With skepticism and hope in equal measure, Alex installed Amass:

```bash
# The simple way
sudo snap install amass

# Verify it worked
amass -version
# Output: version 4.0.0
```

**Two minutes.** That's all it took. No complex dependencies, no configuration files, no Docker containers. Just... installed.

#### The First Scan (The Revelation)

Alex picked the same fintech target from the previous day's failures. The one where six hours of work yielded only duplicates.

```bash
# The command that changed everything
amass enum -d target.com -passive
```

The terminal started scrolling. And scrolling.
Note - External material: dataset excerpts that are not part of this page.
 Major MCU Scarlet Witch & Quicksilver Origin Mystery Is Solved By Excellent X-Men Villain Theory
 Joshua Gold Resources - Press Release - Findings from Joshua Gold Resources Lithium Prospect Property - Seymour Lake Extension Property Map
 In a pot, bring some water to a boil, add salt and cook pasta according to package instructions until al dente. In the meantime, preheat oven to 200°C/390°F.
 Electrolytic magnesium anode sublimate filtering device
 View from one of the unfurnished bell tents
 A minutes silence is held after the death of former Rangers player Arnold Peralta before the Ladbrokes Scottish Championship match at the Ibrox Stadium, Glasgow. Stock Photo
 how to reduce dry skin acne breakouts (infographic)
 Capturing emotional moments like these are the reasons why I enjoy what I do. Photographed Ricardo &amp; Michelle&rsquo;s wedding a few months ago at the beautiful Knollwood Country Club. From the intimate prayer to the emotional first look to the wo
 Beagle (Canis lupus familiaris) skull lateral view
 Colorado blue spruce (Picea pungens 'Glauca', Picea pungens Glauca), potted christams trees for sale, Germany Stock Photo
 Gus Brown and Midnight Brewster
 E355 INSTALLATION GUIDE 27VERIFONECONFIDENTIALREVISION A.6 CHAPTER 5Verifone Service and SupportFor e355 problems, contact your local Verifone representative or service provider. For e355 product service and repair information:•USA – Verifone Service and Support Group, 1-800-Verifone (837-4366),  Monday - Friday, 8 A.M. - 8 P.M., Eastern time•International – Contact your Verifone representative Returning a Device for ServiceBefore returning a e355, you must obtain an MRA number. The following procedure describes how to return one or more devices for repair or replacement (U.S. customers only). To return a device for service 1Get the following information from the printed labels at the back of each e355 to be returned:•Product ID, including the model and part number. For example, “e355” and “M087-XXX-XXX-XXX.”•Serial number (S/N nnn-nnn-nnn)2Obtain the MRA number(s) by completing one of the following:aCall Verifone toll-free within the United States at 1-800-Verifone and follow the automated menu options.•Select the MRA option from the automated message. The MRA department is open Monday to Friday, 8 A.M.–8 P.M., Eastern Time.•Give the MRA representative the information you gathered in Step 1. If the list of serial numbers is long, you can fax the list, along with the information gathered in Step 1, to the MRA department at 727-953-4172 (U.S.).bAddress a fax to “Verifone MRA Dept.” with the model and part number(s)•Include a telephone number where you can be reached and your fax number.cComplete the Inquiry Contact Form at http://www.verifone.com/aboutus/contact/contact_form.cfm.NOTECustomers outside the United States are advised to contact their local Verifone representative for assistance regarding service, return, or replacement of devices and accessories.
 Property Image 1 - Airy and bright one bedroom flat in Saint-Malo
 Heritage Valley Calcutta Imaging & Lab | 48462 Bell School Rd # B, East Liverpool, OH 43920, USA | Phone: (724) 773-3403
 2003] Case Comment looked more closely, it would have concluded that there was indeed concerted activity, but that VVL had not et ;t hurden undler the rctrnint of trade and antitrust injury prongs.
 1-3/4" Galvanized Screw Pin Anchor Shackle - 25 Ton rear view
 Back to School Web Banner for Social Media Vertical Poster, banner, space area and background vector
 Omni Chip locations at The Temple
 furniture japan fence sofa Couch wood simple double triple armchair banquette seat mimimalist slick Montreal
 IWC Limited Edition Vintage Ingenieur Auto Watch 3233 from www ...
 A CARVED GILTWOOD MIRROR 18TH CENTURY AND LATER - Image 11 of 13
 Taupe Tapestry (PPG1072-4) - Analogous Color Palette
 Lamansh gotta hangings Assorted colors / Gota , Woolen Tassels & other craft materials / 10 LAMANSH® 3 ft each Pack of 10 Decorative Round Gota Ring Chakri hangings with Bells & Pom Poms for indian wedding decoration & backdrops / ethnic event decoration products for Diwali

And scrolling.

```
[DNS]             www.target.com
[Brute Forcing]   api.target.com
[CertSpotter]     admin.target.com
[PassiveTotal]    staging.target.com
[Crtsh]           dev-api.target.com
[Brute Forcing]   legacy.target.com
[Archive]         old.target.com
[DNS]             ftp.target.com
[Brute Forcing]   mail.target.com
...
```

**10 minutes later:** 487 subdomains.

Alex stared at the screen, unable to believe what was happening. The previous best tool had found 120 subdomains for this same target. Amass found 487 in 10 minutes.

**The Math:**

* Old approach: 120 subdomains
* Amass: 487 subdomains
* **New subdomains discovered: 367**

That wasn't 4x more. That was **4x total**, which meant **3x more than before**.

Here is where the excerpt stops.